2. The Background of Related Art
Augmented Reality (AR) is a type of virtual reality that aims to duplicate the world's environment in a computer device. An augmented reality system generates a composite view for a user that is the combination of a real scene viewed by the user and a virtual scene generated by the computer device that augments the scene with additional information. The virtual scene generated by the computer device is designed to enhance the user's sensory perception of the virtual world the user is seeing or interacting with. The goal of Augmented Reality (AR) is to create a system in which the user cannot tell the difference between the real world and the virtual augmentation of it. Today Augmented Reality is used in entertainment, military training, engineering design, robotics, manufacturing and other industries.
The recent development of computer devices such as smart phones or tablet PC and cloud computing services allow software developers to create many augmented reality application programs by overlaying virtual objects and/or additional 2D/3D multi-media information within a captured image by a video camera. When an interactive user interface is required in an AR application, a typical interface design is to generate input commands by finger gestures on a surface of a touch screen of the computer device. However, the interaction on a large touch screen would be very inconvenient for users to interact with an AR display. In order to overcome this sort of ergonomic difficulties, some AR applications introduced sophisticated algorithms to recognize hand/finger gestures in free space. The image sensing device, such as Kinect from Microsoft or Intel 3-D depth sensor, is gaining popularity as a new input method for real-time 3-D interaction with AR applications. However, these interaction methods require highly sophisticated image processing mechanisms involving a specific device along with various software drivers, where an example of the specific device includes a 3-D depth sensor or a RGB video camera. Thus there is a need for techniques of generating input commands based on simple motions of an object or intuitive gestures of the object, where the object may be a hand and something to be held by a user.
This section is for the purpose of summarizing some aspects of the present invention and to briefly introduce some preferred embodiments.
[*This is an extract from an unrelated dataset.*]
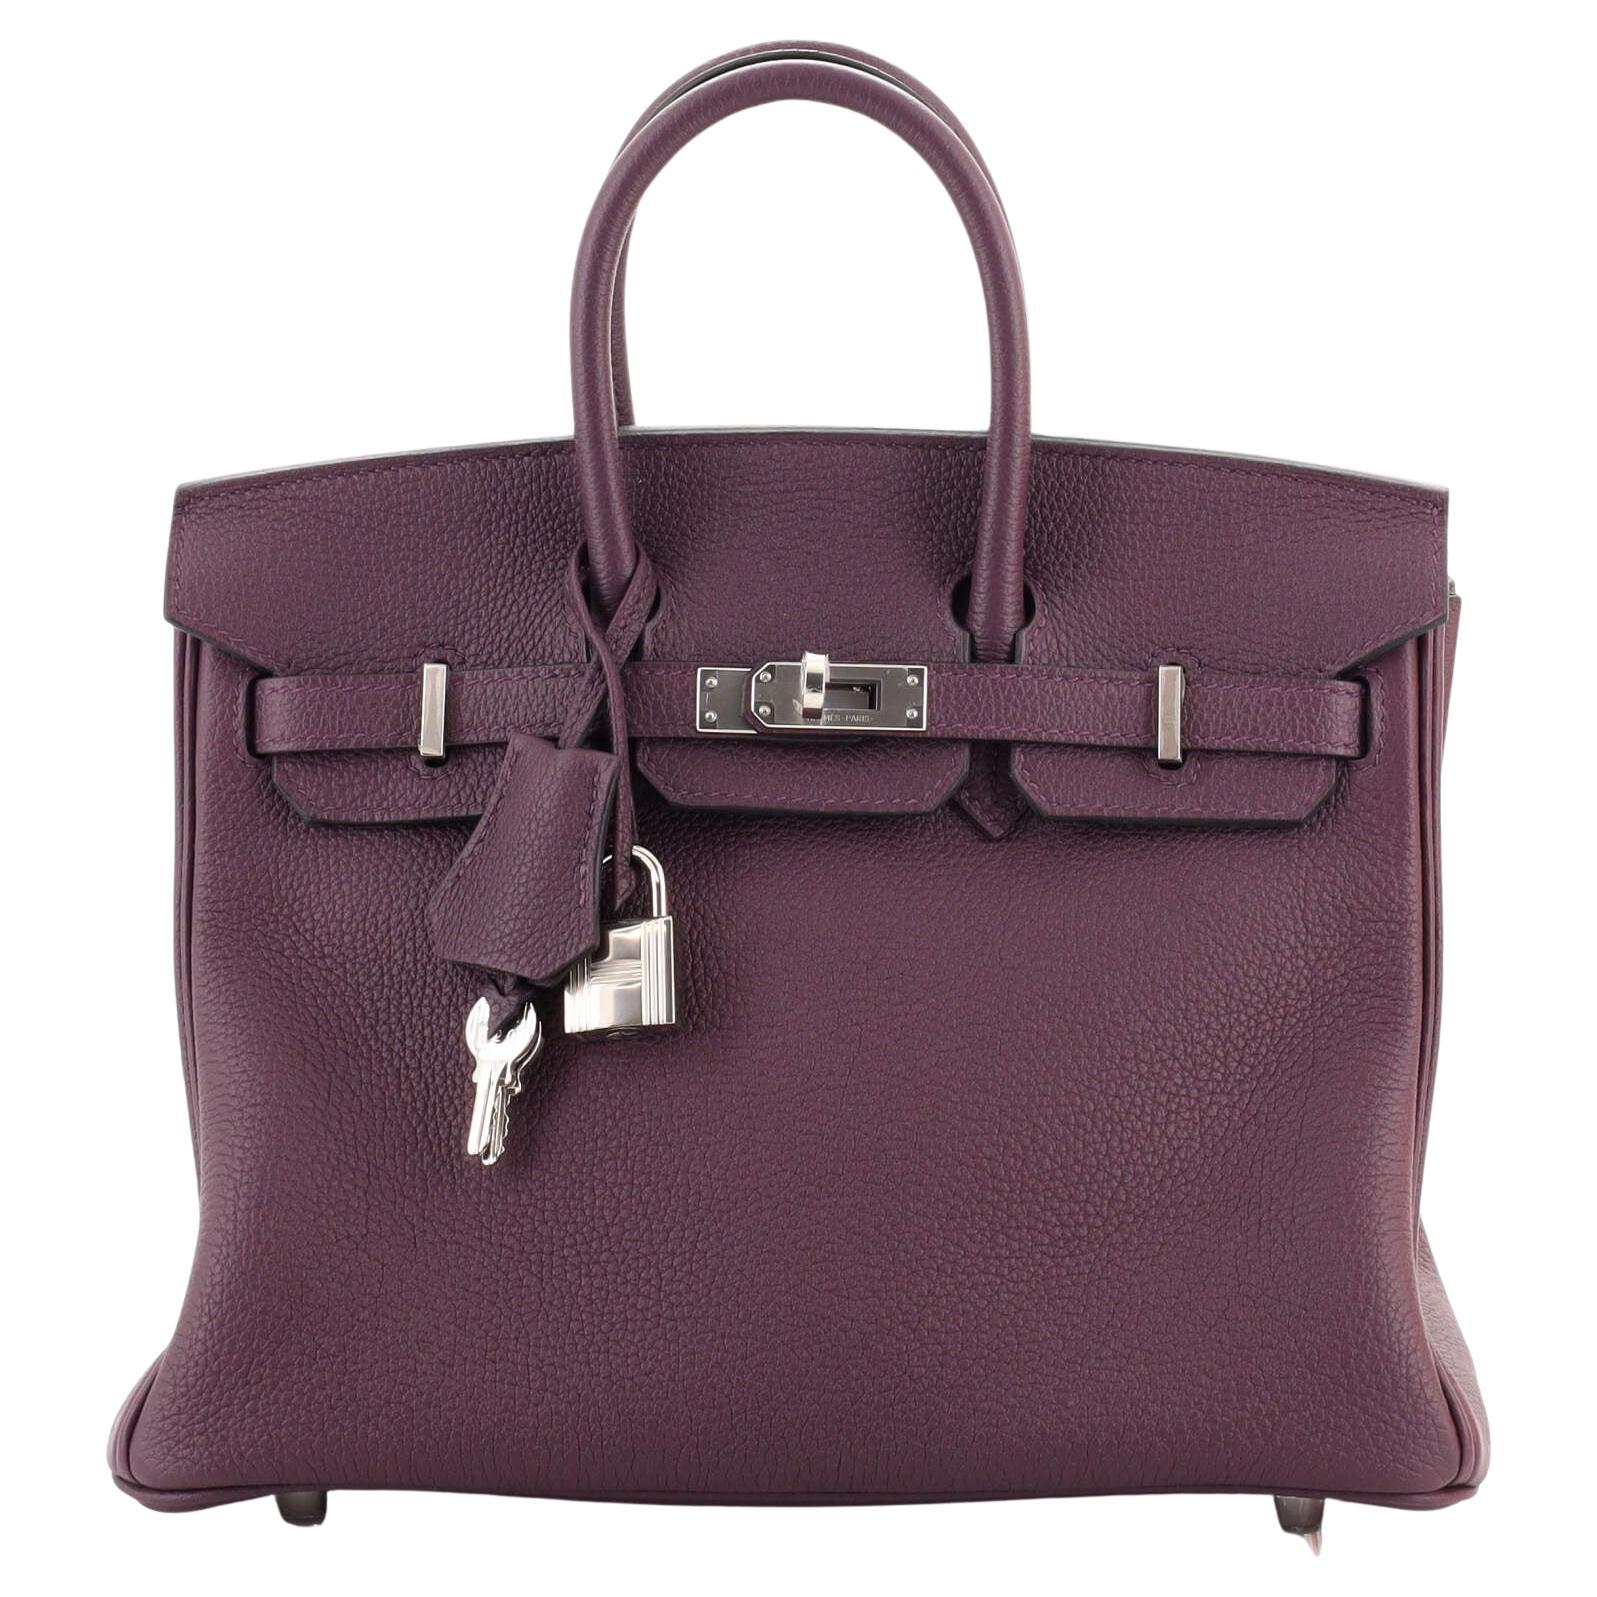 Hermes Birkin Handbag Aubergine Togo with Palladium Hardware 25

Simplifications or omissions may be made to avoid obscuring the purpose of the section. Such simplifications or omissions are not intended to limit the scope of the present invention.
In general, the present invention is related to techniques of allowing users of computer devices to interact with any augmented reality (AR) based multi-media information using simple and intuitive hand gestures. According to one aspect of the present invention, an image capturing device (e.g., a video or photo camera) is used to generate images from which a pre-defined hand gesture is identified on a target image for displaying AR information. One of the advantages, objects and benefits of the present invention is to allow a user to interact with a single target to display significant amounts of AR information. Depending on implementation, the target may be a marker or a markerless image. The image of the target is referred to herein as a target image.
According to another aspect of the present invention, a photo or video camera is employed to take images of a target. With a hand to move with respect to the target and block some or all of the target, a hand motion is detected based on how much the target is being blocked in the images.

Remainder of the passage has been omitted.